Mamba State Space Model — Custom LLM Architecture Design (Chapter 11)

Mamba replaces attention with a selective state space model that processes sequences linearly in context length. Unlike transformers' O(N²) attention, Mamba achieves O(N) complexity while maintaining long-range dependencies.

The Mamba SSM (State Space Model) discretizes continuous parameters using zero-order hold:

import torch
import torch.nn as nn
import torch.nn.functional as F
import math

class MambaBlock(nn.Module):
    """
    Mamba Selective State Space Model block.
    Based on 'Mamba: Linear-Time Sequence Modeling with Selective State Spaces'
    """
    def __init__(self, d_model, d_state=16, d_conv=4, expand=2):
        super().__init__()
        self.d_model = d_model
        self.d_state = d_state
        self.d_conv = d_conv
        self.d_inner = d_model * expand
        
        # Input projection
        self.in_proj = nn.Linear(d_model, self.d_inner * 2, bias=False)
        
        # Convolutional extension
        self.conv1d = nn.Conv1d(
            in_channels=self.d_inner,
            out_channels=self.d_inner,
            kernel_size=d_conv,
            padding=d_conv - 1,
            groups=self.d_inner,
        )
        
        # SSM parameters (selective, thus input-dependent)
        # D: skip connection (input-dependent)
        self.x_proj = nn.Linear(self.d_inner, d_state * 2 + 1, bias=False)
        
        # dt_proj: input-dependent step size
        self.dt_proj = nn.Linear(d_state * 2 + 1, self.d_inner, bias=True)
        
        # A: state matrix (input-dependent during forward)
        self.A_log = nn.Parameter(torch.randn(self.d_inner, d_state))
        self.A = nn.Parameter(torch.exp(torch.randn(self.d_inner, d_state)))
        
        # B, C: input-dependent during forward (from x_proj)
        
        # Output projection
        self.out_proj = nn.Linear(self.d_inner, d_model, bias=False)
        
        self.selective_scan = selective_scan
    
    def forward(self, x):
        """
        x: (batch, seq_len, d_model)
        """
        batch, seq_len, d_model = x.shape
        
        # Split input for A/B/C and D branches
        xz = self.in_proj(x)
        x_inner, z = xz.chunk(2, dim=-1)
        
        # Convolution (over seq dimension)
        x_conv = x_inner.transpose(1, 2)  # (batch, d_inner, seq)
        x_conv = self.conv1d(x_conv)[:, :, :seq_len]
        x_conv = x_conv.transpose(1, 2)  # (batch, seq, d_inner)
        x_conv = F.silu(x_conv)
        
        # Compute SSM parameters (selective: depend on current input)
        x_dbl = self.x_proj(x_conv)  # (batch, seq, d_state*2 + 1)
        dt, B, C = x_dbl.chunk(3, dim=-1)
        dt = self.dt_proj(dt)
        D = torch.sigmoid(z)
        
        # Selective scan
        y = self.selective_scan(
            x_conv, dt, self.A, B, C
        )
        
        # Output with gating
        return self.out_proj(y * D)

Failure mode: State dimension too large. d_state=16 is typical but varies by model size.
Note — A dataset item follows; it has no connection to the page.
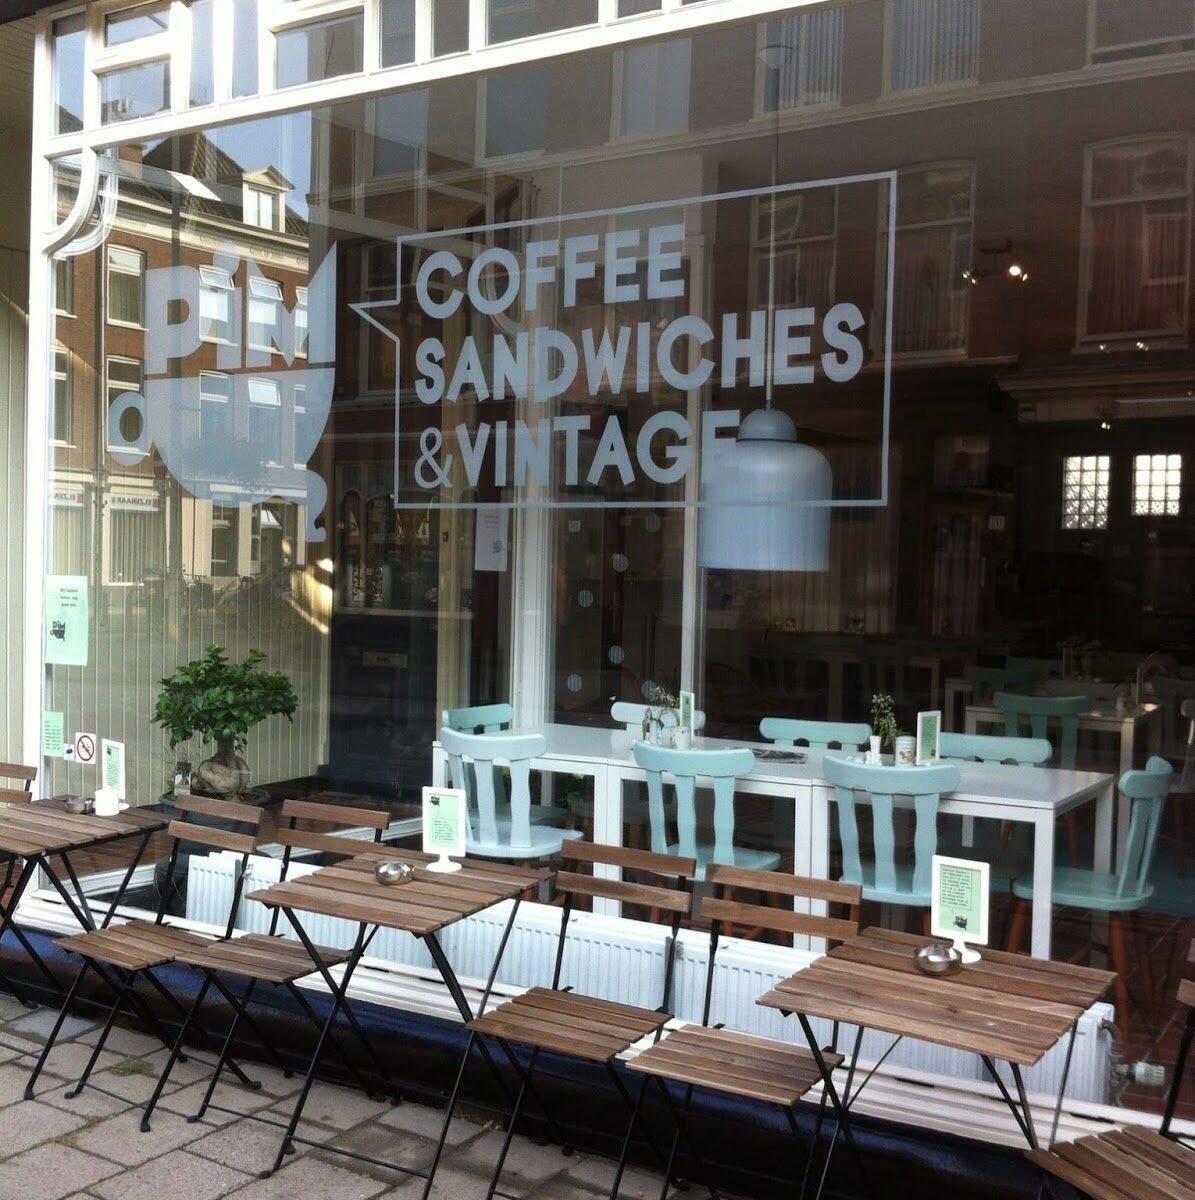 Pim Coffee Sandwiches & Vintage Den Haag

Larger d_state improves expressiveness but increases memory (O(d_state × d_inner) parameters). Setting d_state=4 severely limits SSM expressiveness.

Failure mode: Discretization instability. The A matrix (state matrix) exponential creates large magnitudes for negative A_log values. Initialize A_log with small absolute values (standard normal is appropriate) or use careful initialization from the reference implementation.